[Date Prev][Date Next][Thread Prev][Thread Next][Date Index][Thread Index]
RE: 10. "Report propagation sequence"
---- Original message ----
>Date: Tue, 15 Aug 2000 15:30:16 +1000
>From: "Steven Legg" <steven.legg@xxxxxxxxxxxxx>
>Subject: RE: 10. "Report propagation sequence"
>To: "'Zachary Amsden'" <zach@xxxxxxxxxxxxx>,
>> What really worried me about the current phrasing of the draft
>> was the fact that no ordering requirements were made at all
>> within a transmission. This causes severe problems when a
>> replication update is interrupted.
>> I'm not so much worried about bandwidth, but the following
>> Replica A sends a very long partial update to replica B.
>> Somewhere in the middle of the transfer, the connection is
>> terminated. Since we can get CSNs out of order within a
>> replica ID, we have three options:
>> 1) Save all changes until the transfer is complete, then
>> commit them and send an end replication response. This
>> still worries me because committing the changes may
>> take a very long time, during which our peer may decide
>> we are dead, and drop the connection.
>The ReplicationUpdate operations aren't individually acknowledged
>(as far as I can see) so the supplier isn't going to see much difference
>whether the consumer sucks in all changes and then applies them, or
>applies them one at a time. In fact, applying all the changes in
>one database transaction will probably be faster overall. Suppliers
>really have to assume that consumer processing will take significantly
>longer than supplier processing.
>Even if the connection is dropped the consumer can continue to process
>the changes and revise the Update Vector appropriately if the
>EndReplicationRequest has been received. The supplier will find out
>the new vector on the next replication session and will avoid resending
>any already applied changes.
Agree, but there are other problems with approach 1, which I discuss below.

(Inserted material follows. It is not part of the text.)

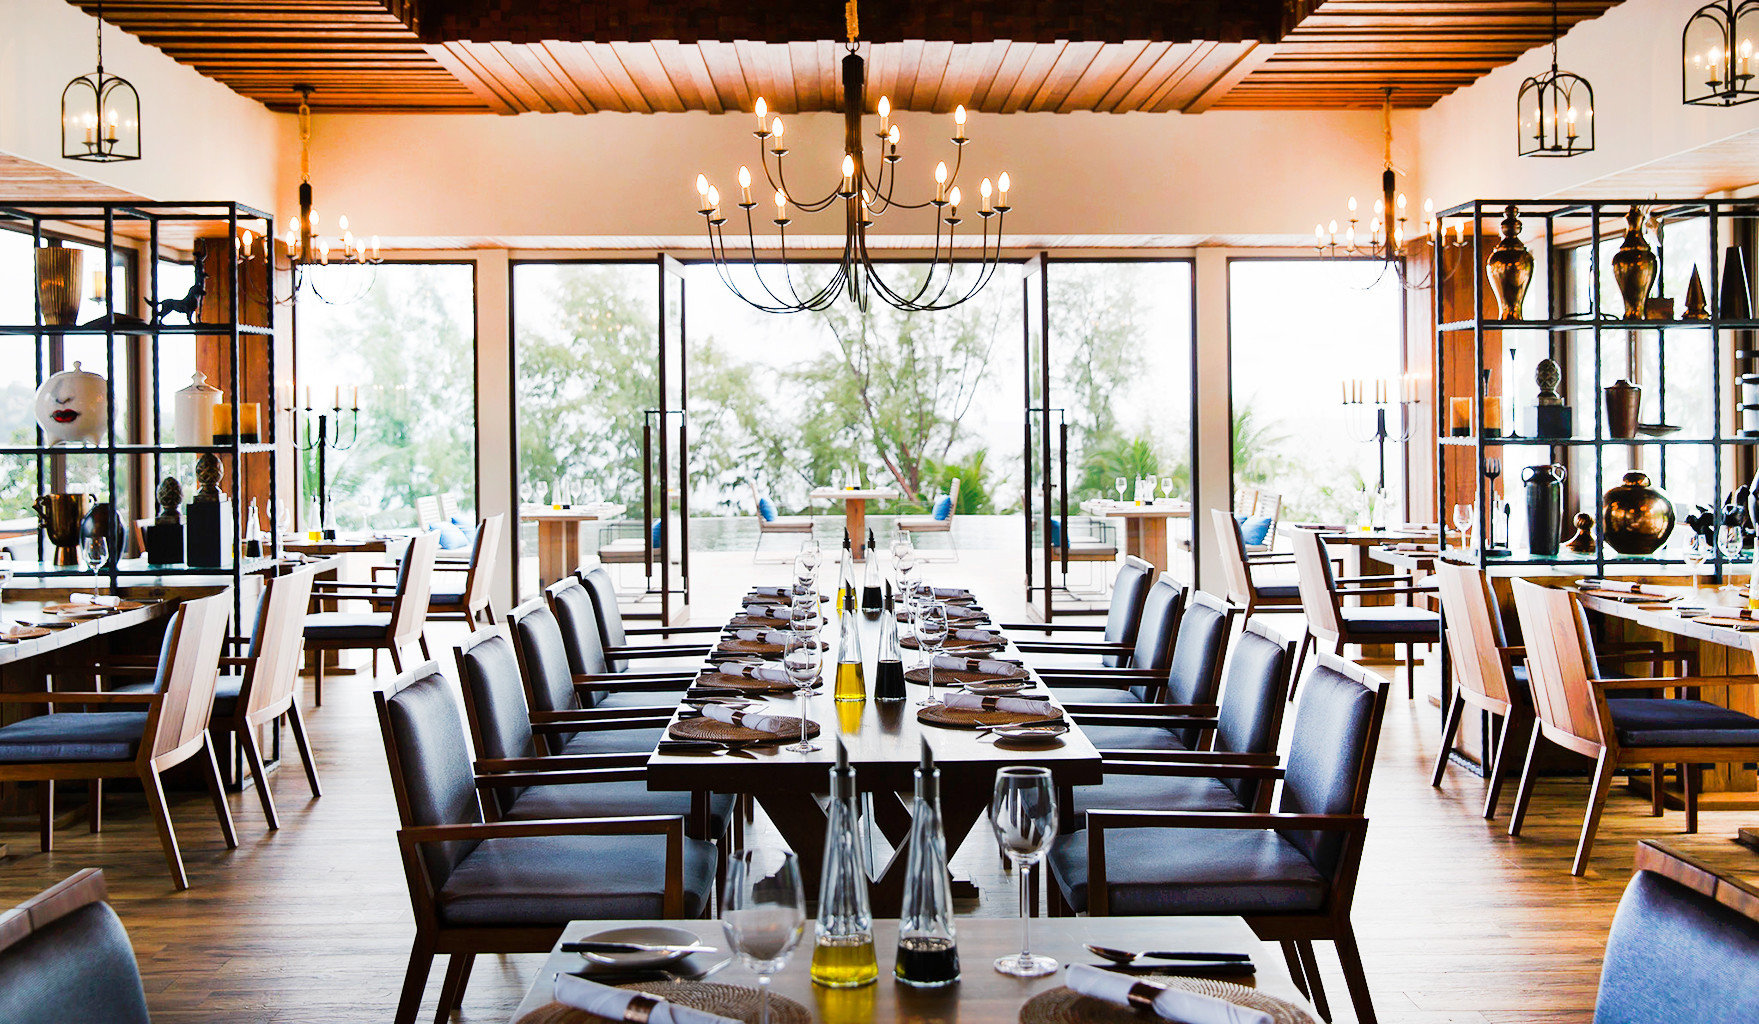 Beach Dining Family Modern Resort chair restaurant wooden home set dining table

>> 2) Commit changes as we get them. Very problematic, since
>> there is nothing prohibiting LDAP updates to our local
>> replica while we are in a replication session. So when
>> the connection dies, we have no idea what the current
>> update vector for our replica is, and we can't easily
>> back out changes because we may have received updates.
>If changes are applied in delivery order then the update vector must
>not be revised with respect to the received changes until the end of the
>replication session. However, the update vector would still be revised
>for each locally executed LDAP update. If the connection fails then
>the update vector is what it was at the start of the session except
>for the server's own record in the vector, which may have higher CSNs.
If changes are applied in delivery order, then there is no issue. The
update vector on the supplier is of no concern, since we send our vector at
the beginning of a replication session. If, however, changes have no
particular ordering, then 2 is not an option.
>> 3) Lock down our local replica from updates during the
>> replication process. For some LDAP applications, this
>> will not be an option. We may not know which replica
>> to send update referrals too, or our clients may not
>> be able to chase referrals for any number of reasons.
>> Not only this, but if the connection does die, we can't
>> allow updates until replication is re-established with
>> the same supplier, or we revert all the changes and
>> restore to a known state.
>> Since there isn't actually enough information in a change
>> record to undo the change, any server crash during this
>> process is rather disastrous. This means we need to store a
>> reverse operation for each change as well.
>Isn't this the same problem as a crash during an LDAP client update ?
>There is a set of changes to be applied atomically to the local
>database. Either all the changes occur or none do. Do you have
>a problem scaling this up to encompass a whole replication session ?
>Or is this option describing a solution that doesn't have
>atomic commits to the underlying database. That's scary to me even
Well yes, there is a problem scaling that up to encompass an entire (total)
replication session. That isn't the real issue, and that is fixable. What
isn't fixable is that during a total update, none of the data is available
for read during replication. We would like the database to be live (albeit
read-only) during a total update. Perhaps allowing read-write access
during a total update is possible, but that would be a future step.
We've hashed over the ordering issue, and I don't think there are any
problems transmitting changes in delivery order for any server
implementation. Not only that, but using ordering gives you a number of
other properites (read access of changes during update, parents created
before children, easy recovery from aborted updates, better DSA crash
recovery), which make any implementation either easier or more robust.
I'd like to know if we have a concensus that changes, whatever format they
may be transmitted in, should be ordered by delivery order.